Task statement
Please give, word for word, the line containing "Vertices2,024" and every line that comes after it in the data below.

Provided records
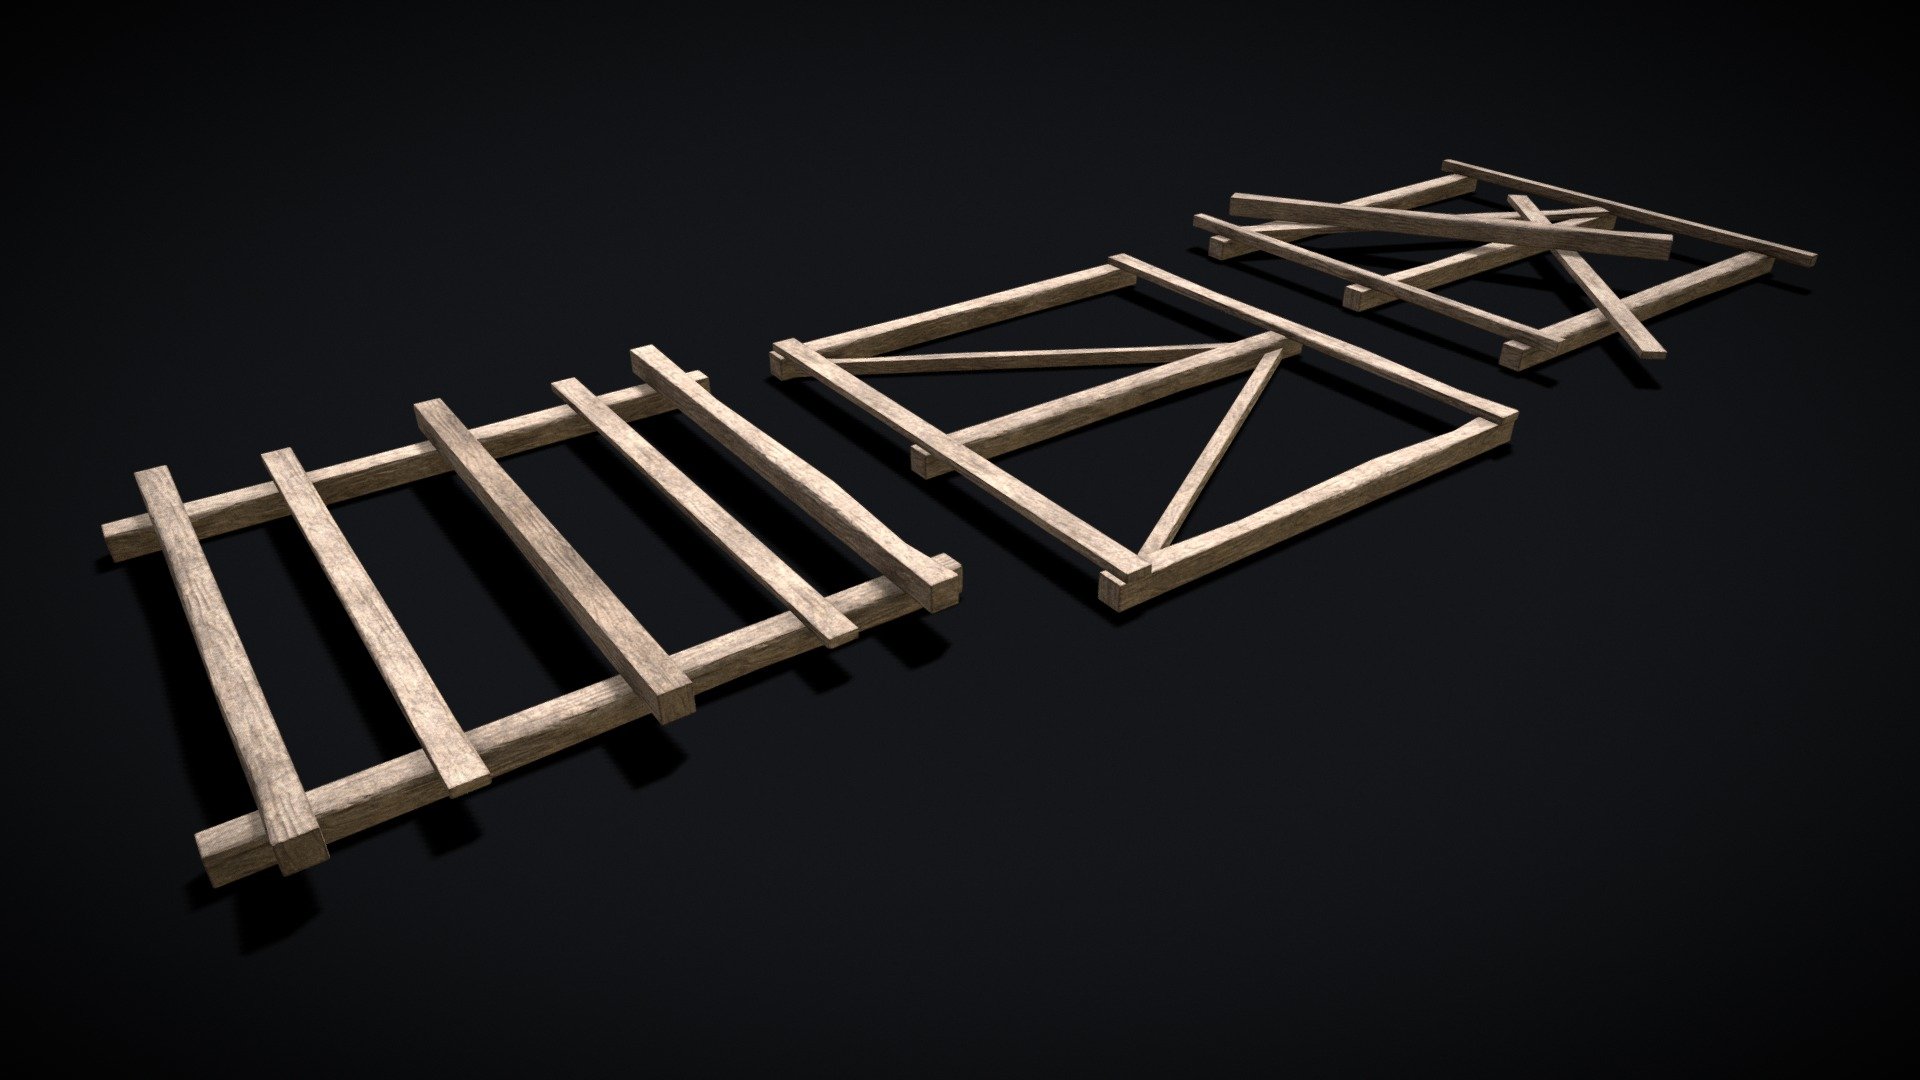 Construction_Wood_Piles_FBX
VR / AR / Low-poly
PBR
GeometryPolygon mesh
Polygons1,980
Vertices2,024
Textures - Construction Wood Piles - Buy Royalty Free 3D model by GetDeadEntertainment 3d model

Exercise solution
Vertices2,024
Textures - Construction Wood Piles - Buy Royalty Free 3D model by GetDeadEntertainment 3d model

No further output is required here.